Mainland China purchases of Hong Kong stocks were recorded at $29.62 billion ($3.81 billion) on Monday, according to Wind Information Database.
It has been most important since Hong Kong’s stock market launched its “Connect” program with the mainland. Shanghai Connection was released in November 2014, and Shenzhen Connect opened in December 2016.
The Hang Seng Index traded about 0.7% lower on Tuesday morning. The sudden sale of US stocks then sold out overnight on concerns about the impact of tariffs on global growth.
Online purchases via Shanghai connections reached around HKD 18 billion on Monday, while deep Shenzhen Connect’s reached HKD 11.63 billion, data shows.
According to Wind Data, neither of the Hong Kong trade stocks of Alibaba and Tencent, which are traded in mainland China, were not traded in mainland China.
Last week, China highlighted its plans to support private sector innovation, confirming its growth plan by increasing the fiscal deficit to a rare 4% of gross domestic product, including a consumer subsidy program that expanded its fiscal deficit.
City’s global macro strategy team upgraded its view on China’s stocks, the Hungsen Chinese Enterprise Index – to overweight and downgraded the US to neutral on Monday.
“One of the key reasons why we are not focusing on Chinese equities is tariff risk,” the analyst said.
“I think that abstracting from this issue, the case of Chinese technology was clear: a) Deepseek has proven that Chinese technology is on the frontier (or more) of Western technology despite export controls.
“cheap and owner-like” stock
Chinese and foreign institutional investors have returned to Chinese stocks after Beijing began to announce stronger stimulus plans in late September. Chinese stocks were further boosted after Deepseek’s latest model emerged in late January. More major high-tech companies trade in Hong Kong than in mainland China.
Manishi Raychaudhuri, CEO of Emmer Capital Partners, said once investors come out of the smallest shares of the present, they can quickly put their money into emerging markets, particularly in Asia.

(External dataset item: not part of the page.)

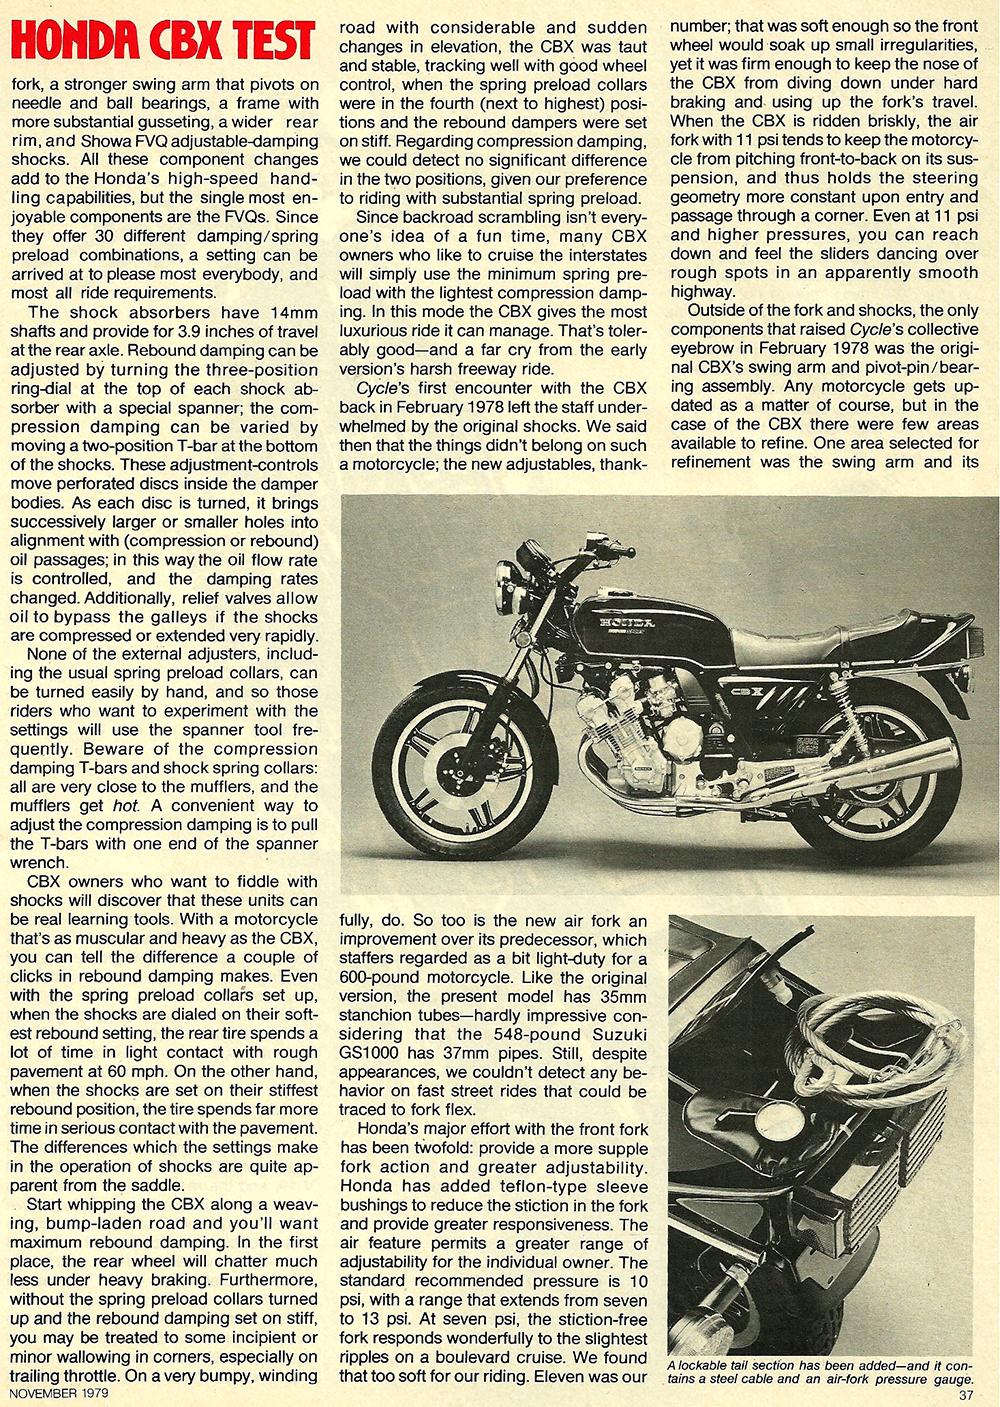 1979 Honda CBX road test 05.jpg

“I would say it’s still a bigger China. I mean most of the Chinese Hong Kong. The stock is cheap and owned,” Raychaudhuri told CNBC’s Street Signs Asia on Tuesday.
“We’ve seen some consumption increase in some way in the form of what policymakers have been doing since January. That’s not what the market wants, but at least it’s a departure from the trends that have been around for years,” he continued.
“So, at the top of my list, there are Hong Kong, China, internet stocks, large internet platforms, and mostly athletes, restaurant stocks, and other travel and tourism-related names, some of the consumption-related names,” Raychaudhuri said.
– CNBC’s Sam Meredith and Anniek Bao contributed to this report.